Eu nunca soube amar a cada um. Eu nunca soube amá-los
como indivíduos. Eu nunca soube aceitá-los como
feios, fracos e lentos. Tragam-me um doente e não
chorarei com ele. Mas me mostrem um hospital e
derramarei rios e mares. Eu não sei falar e ouvir um
homem, uma mulher ou uma criança. Eu só sei fazer
coletivo, massa, povo, conjunto. Sou capaz de ser
herói, mas não sou capaz de ser enfermeiro. Sou
capaz de ser grande, mas não sou capaz de ser
pequeno. Eu nunca dei uma flor. Nunca amei uma
pessoa. E tenho amor. Dou desenhos, dou textos,
escrevo cartas. Sem contato manual, sem intimidade,
sem entregar. Por que desenho, por que escrevo
cartas? Minha arte é fruto da minha importância de
viver com vocês. Um dia, vou rasgar o papel que
escrevo, rasgar o bloco que desenho, rasgar até esse
recado covarde e vou me melar e besuntar com vocês,
tudo com meu grande beijo. Vocês vão me reconhecer
fácil: vou ser o mais feliz de vocês. Henfil"
Rio de Janeiro, abril
de 1977.
Querido filho
Henriquinho,
Eu hoje estou me
sentindo bem melhor, mas ainda não agüento andar. A
perna dói bastante com a ciática. Nós aqui igual a
não ser as saudades dos filhos ausentes. No Natal é
que eu sinto mais. Eu queria tanto que seu irmão
pudesse voltar. Eu chego a imaginar ele sentado na
sala com todos. Eu recebi um retrato dele. Achei tão
magrinho, tão tristinho. Será que esse tormento não
vai acabar nunca? Eu tive muita esperança quando
este novo presidente entrou. Achei ele com um
jeitinho bom. Eu rezo muito pro seu irmão poder
voltar. Mandei biscoitos pra ele pelo correio como
lembrancinha de Natal. Devem ter chegado duros.

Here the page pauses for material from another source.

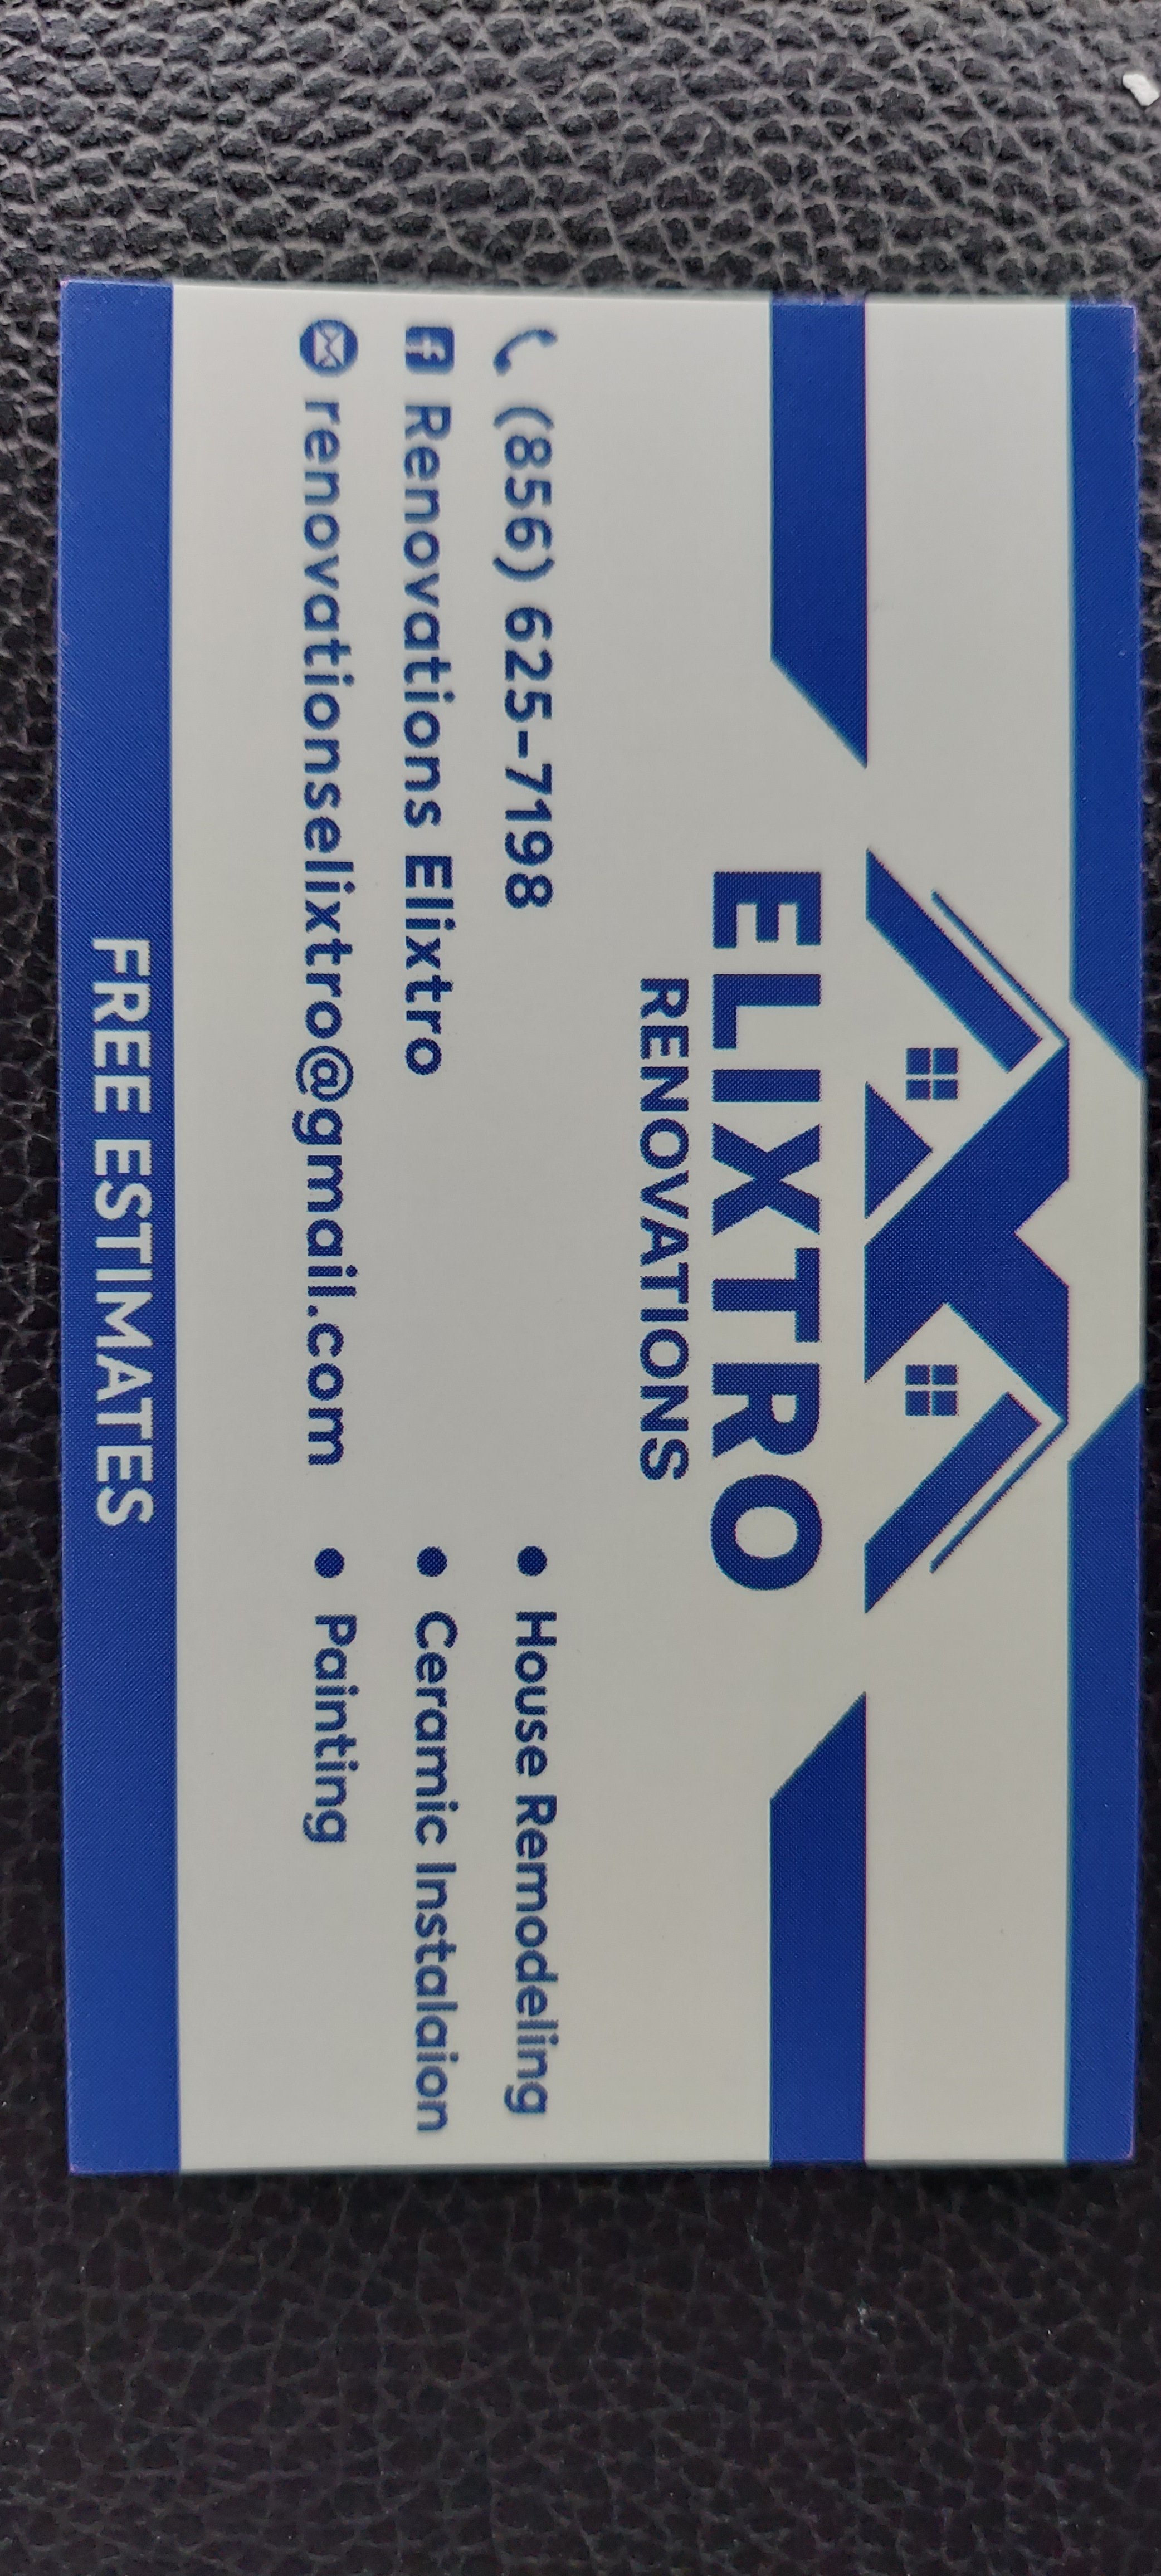 Renovations Elixtro Logo

Todos de casa mandam um abraço. Um beijo para
Berenice e um abraço pra você. Sua mãe.
D. Maria,
Desviaram
dinheiro do INPS para a construção da ponte Rio-Niterói
e da hidroelétrica de Itaipu. Todo mundo sabe como
muitas das grandes empresas particulares e estatais
dão calote no INPS.
Aí, claro, deu
esse furão que eles dizem existir porque estamos
gastando demais com assistência médica. Mentira! 90%
da população brasileira corre do INPS.
Bão, mas
repetiram esta gigantesca mentira mil vezes e agora
vão decretar o aumento da nossa contribuição para
10%.
Vamos lá, gente: o
povo acaba de decretar um aumento de 10% nas doenças!
Viva a
tuberculose!
Viva a meningite!
A bênção do seu
perebinha.
Henfil
São Paulo, 9 de
janeiro de 1980.
Mãe,
Sem piadinha. Vou
me abrir.
Eu tenho acordado
de uns seis meses para cá sem ânimo, sem esperança,
sem vontade de brilhar, de lutar, de mudar a Lucinha,
O Brasil, o mundo, o universo!
Muitas noites eu
não durmo, assombrado. Pensando assim: tô ficando
velho, é isso. Talvez o pessoal odara tenha razão e
eu já seja coisa antiga.
Passo então a
pensar angustiado em como enfrentar minha velhice
tomando fortificantes, complexo B, mudando
meu guarda-roupa.
Bão.
De repente eu
percebi que o mano Betinho e a Maria também estão de
farol baixo.
Aí, anteontem,
pego o jornal e vejo o resultado da pesquisa Gallup
que dizia que 71% dos brasileiros estão pessimistas.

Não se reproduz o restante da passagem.